The XCMS software (The Scripps Research Institute, La Jolla, CA, USA) was used for preliminary MS data processing, and ions with significant changes were extracted from the original data. Metaboananlyst 5.0 https://www.metaboanalyst.ca/, accessed on 5 June 2021), the online metabolomic analysis tool, was used to export data for multivariate statistical analysis. After deleting the unchanged peak, further analysis was carried out. The data of the obtained peak area was imported into SIMCA-P 13.0 (Umetrics, Umeå, Sweden) for multivariate statistical analysis. Pathway analysis was performed by the web-based MetPA tool (MetaboAnalyst Pathway Analysis; https://dev.metaboanalyst.ca/MetaboAnalyst/upload/PathUploadView.xhtml, accessed on 5 June 2021).

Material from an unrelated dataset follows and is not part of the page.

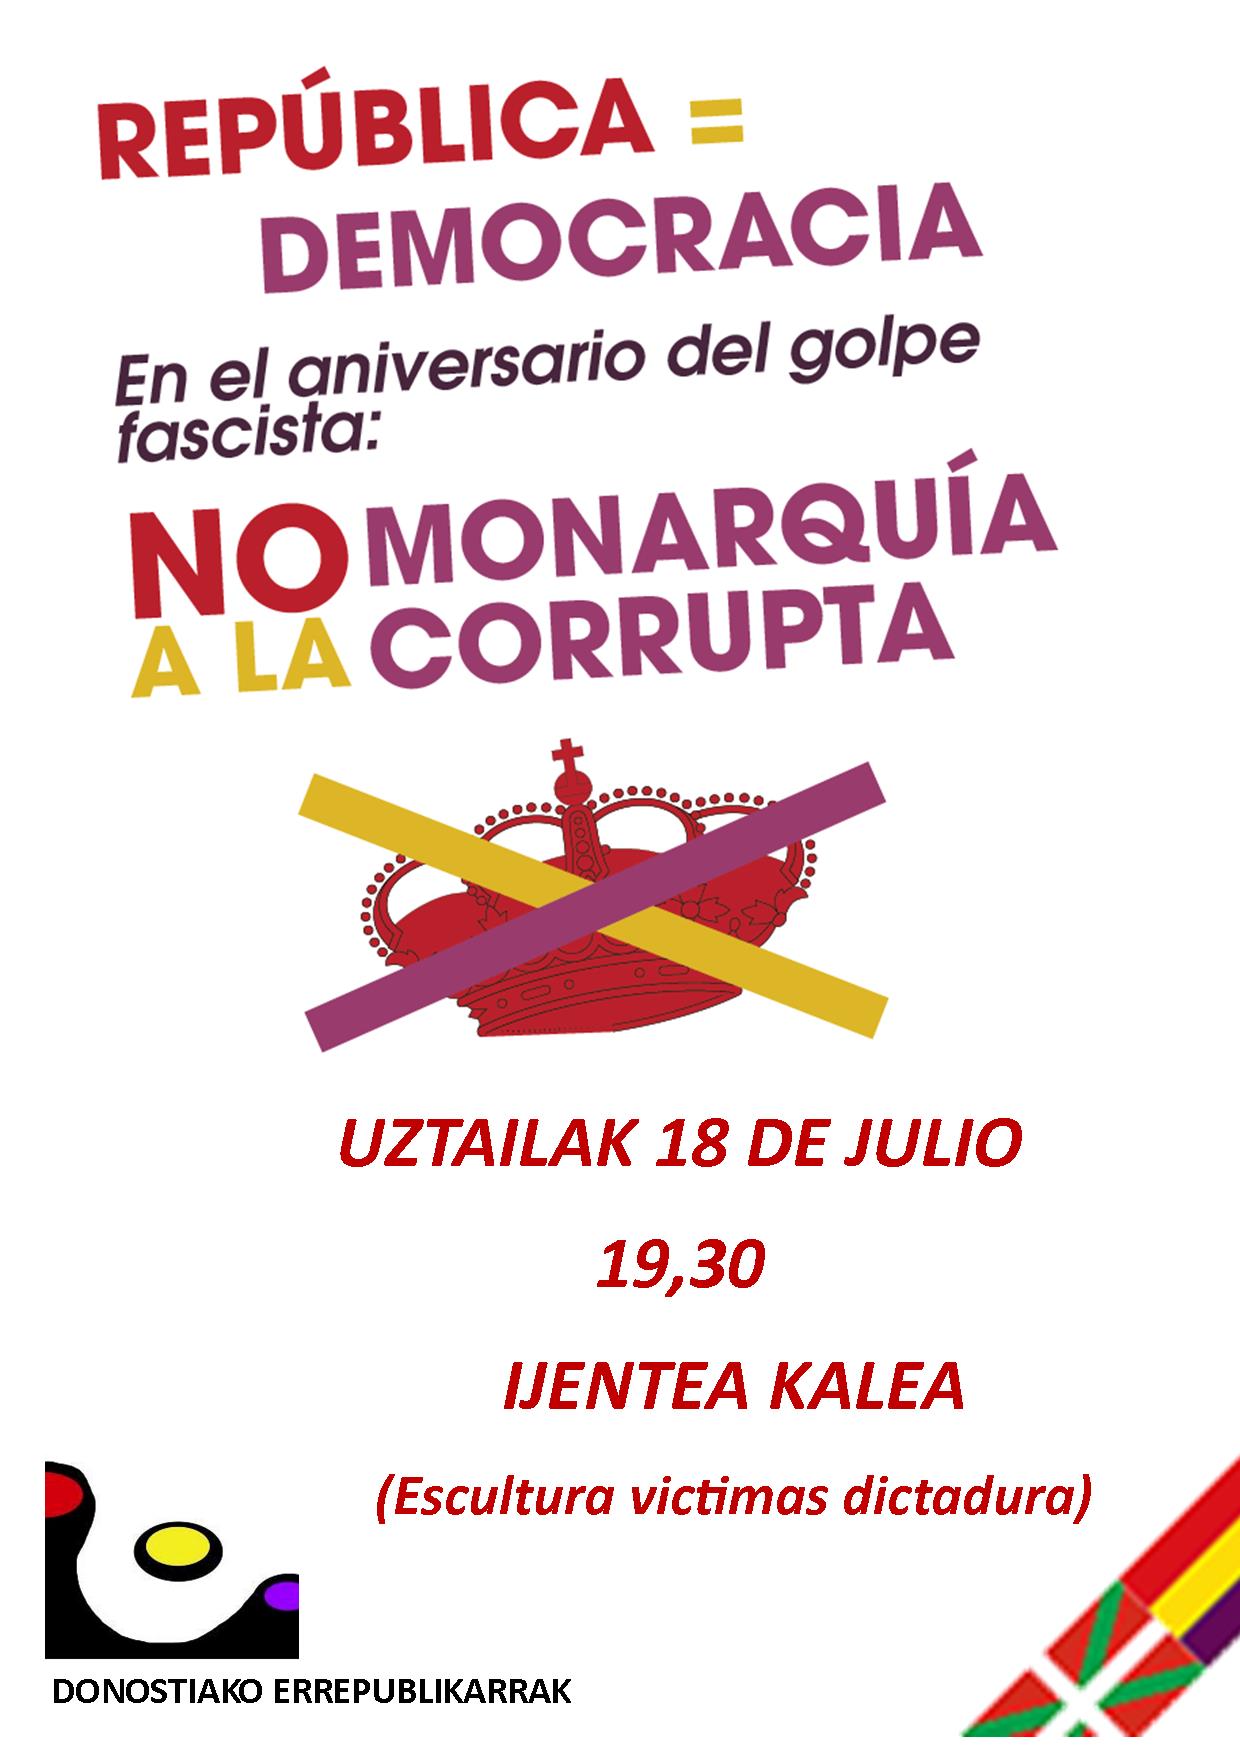 Democracia es República, no a la monarquía corrupta. Concentración  en Donostia,18 de Julio.
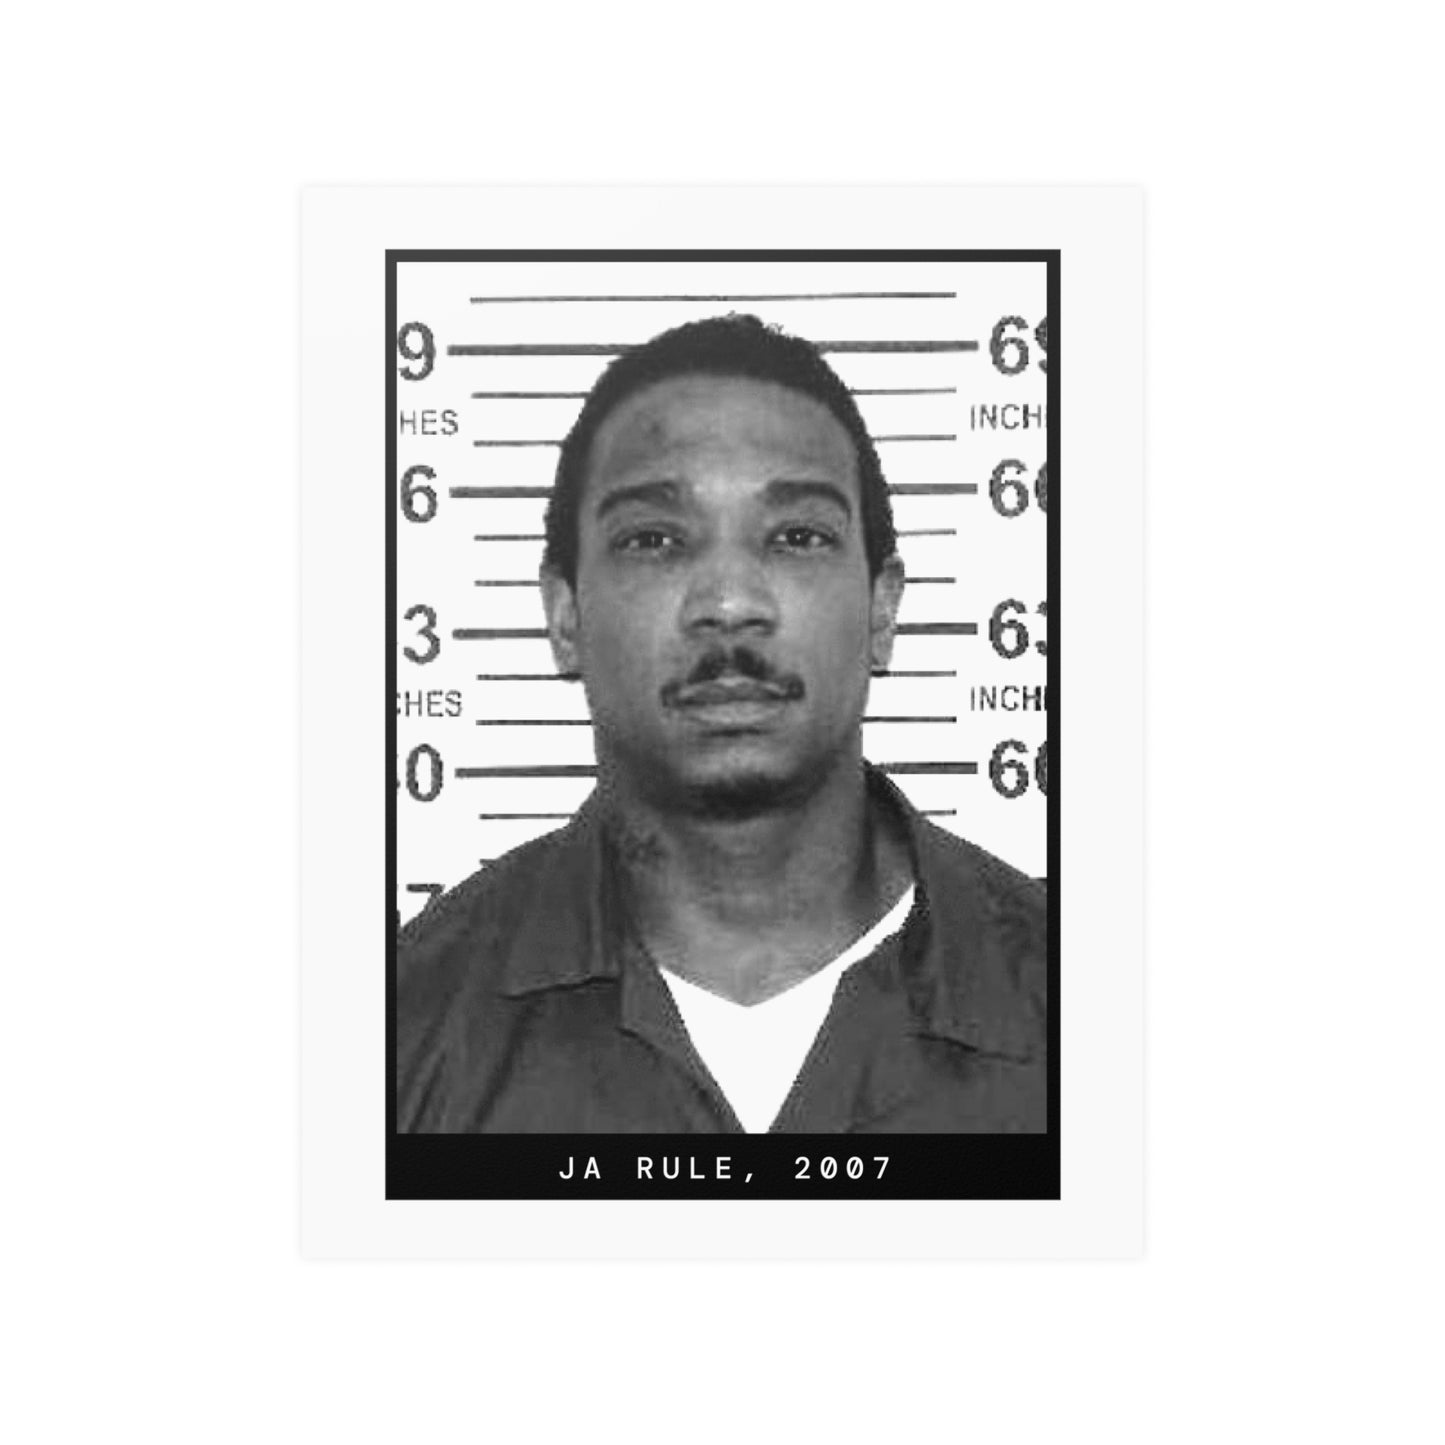 Ja Rule, 2007 Rapper Mugshot Poster

Principal component analysis (PCA) was performed to check for and rule out outliers. Furthermore, partial least square discriminant analysis (PLS-DA) was performed. The differential variables were characterized based on VIP (Variable Importance in Projection) scores calculated based on the PLS-DA model. Variables with VIP > 1 were the potential contributors to the grouping. The Kruskal-Wallis test was used to compare the means of the different treatment groups, and the differences were considered statistically significant at p < 0.05. The variables showing differences were ultimately determined at VIP > 1 and p < 0.05.

4. Conclusions

This study evaluated the effects of exposure of Dufulin at different concentrations on Tubifex by analyzing the oxidative damage and metabolome. Dufulin affected Tubifex at concentrations as low as 1 × 10−4 mg/L. It also affected the fatty acid metabolism, leading to changes in the concentration of free fatty acids. The urea cycle of Tubifex was also affected by Dufulin exposure while the possible mechanism via ASL inhibition. However, the effect of Dufulin on Tubifex was nonlinear. The study suggests that in untargeted organisms to pesticides, the impact of Dufulin even at low concentrations should be carefully considered. However, further studies should explore the mechanisms underlying the action of Dufulin at varying concentrations in Tubifex and verify whether the mechanism of the action of Dufulin is through the inhibition of ASL enzyme.